SDN Pamindangan, Kelurahan Unyur, Kecamatan Serang, Kota Serang yang resah dengan kebijakan pemerintah. Kepsek SDN Pamindanagan, Budhi Dermawan tak menampik cukup khawatir para siswa rentan tertular virus Corona. Meski begitu, ia pun harus mengikuti kebijakan dari Mendikbud RI terhadap keputusan pemberlakukan sekolah kembali di tengah pademi Covid-19.
“Merasa khawatir aja apabila diberlakukan sekolah kembali di tengah pademi ini. Tapi, karena sudah keputusan dari pusat, kami pun harus mengikuti kebijakan tersebut. Yang jelas, dari pemerintah pusat meminta agar penerapan protokol kesehatan bisa lebih ditingkatkan lagi,” kata Budhi dikonfirmasi, Selasa (8/6/2020).
Untuk memastikan siswa aman dari Covid-19, kata Budhi, rencanaya pihaknya akan melakukan penyemprotan sebelum aktivitas sekolah normal kembali.

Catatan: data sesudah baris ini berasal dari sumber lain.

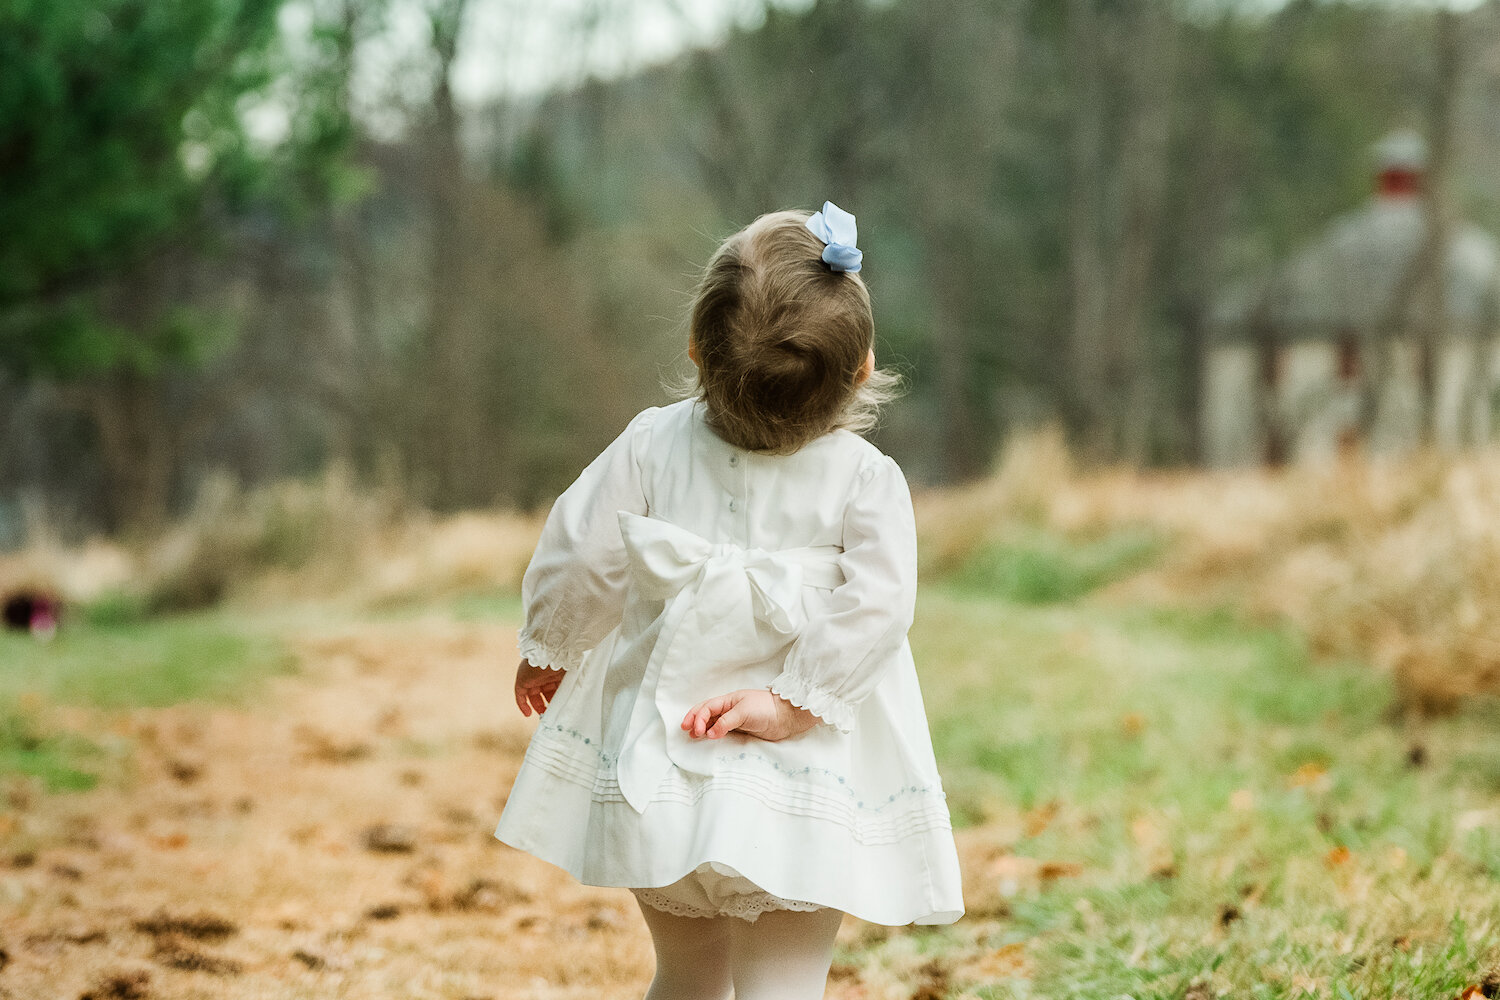 professional photograph of little girl in white dress and bloomers standing in field.
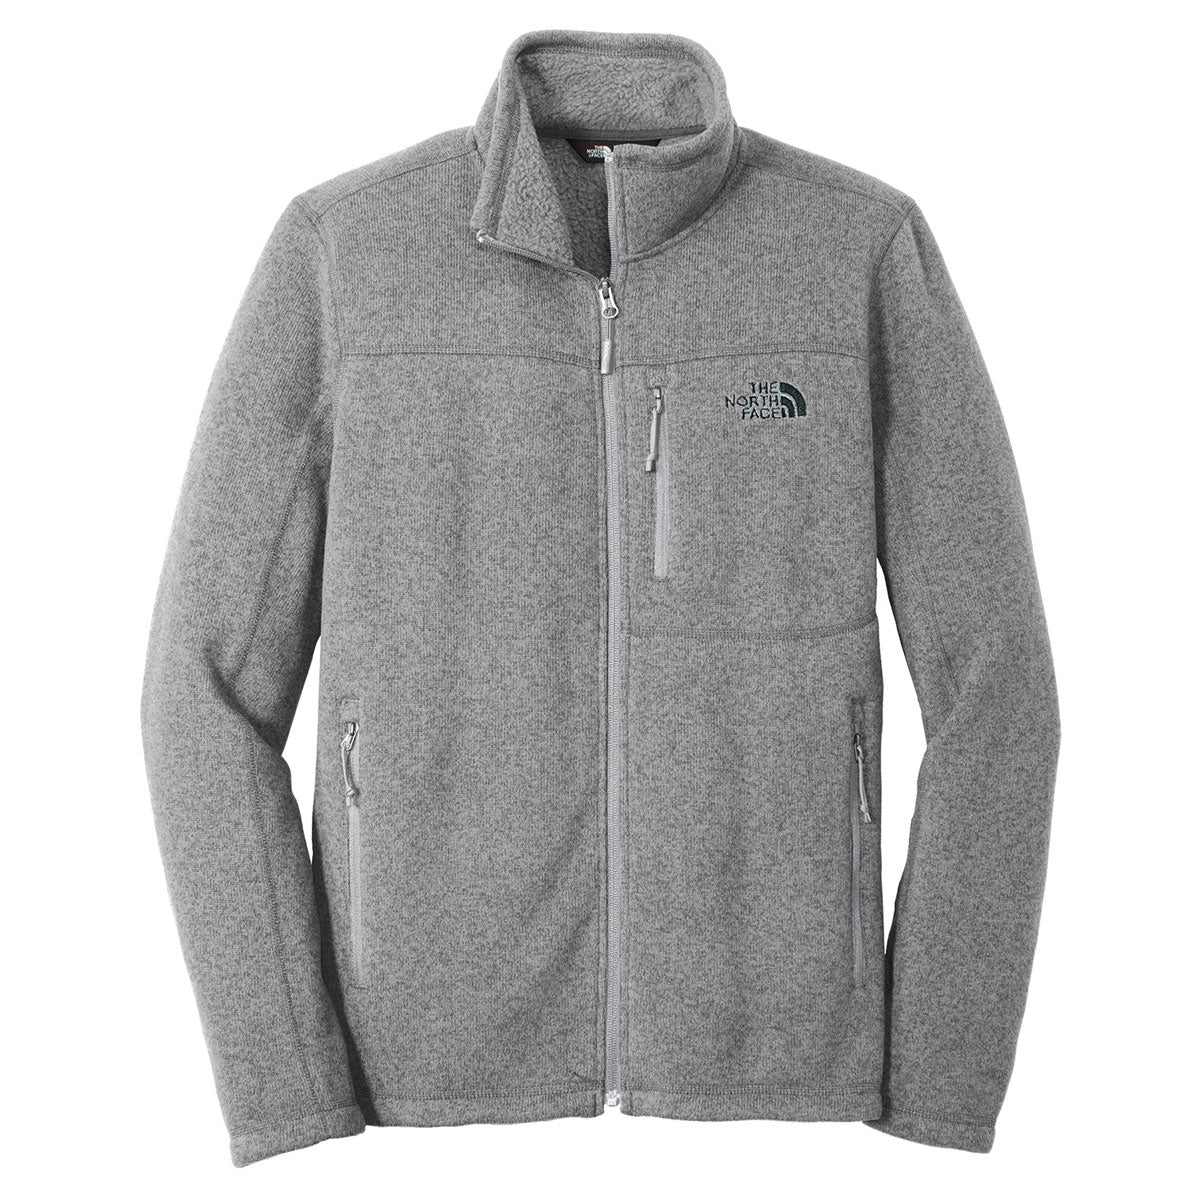 The North Face NF0A3LH8DYY Sweater Fleece Jacket - Grey Heather

“Pasti ada penyemprotan kembali sebelum siswa aktif sekolah lagi. Selain itu, sekolah pun akan membatikan hand sainitizer, masker kepada siswa yang sistem pembangianya akan diberikan di rumah masing-masing siswa,” ujarnya.
Budi menyatakan, memang saat murid nanti masuk sekolah masih belum ada metode pembelajaran yang baku. Namun tetap harus dipersiapkan oleh pihaknya. Skema untuk
siswa belajar disekolah harus menjaga jarak minimal 1 meter. Begitu pula dengan pembagian kelas pun juga akan dibagi menjadi 2 tahap.
“Untuk tahap pertama terdiri atas 15 anak dengan jam belajar dimulai sejak pukul 07.00 WIB hingga 10.00 WIB. Dan tahap kedua, dimulai pukul 10.00 WIB hingga pukul 12.00 WIB,” paparnya.
Sementara, Kabid Pembinaan SD di Dinas Pendidikan Kota Serang, Wardah mengatakan, hingga saat ini dindik masih belum mengetahui terkait prosedur pembelajaran jika nanti akan masuk tahun ajaran baru.
“Belum ada perintah. Jadi belum tahu,” tungkasnya. (MG-01).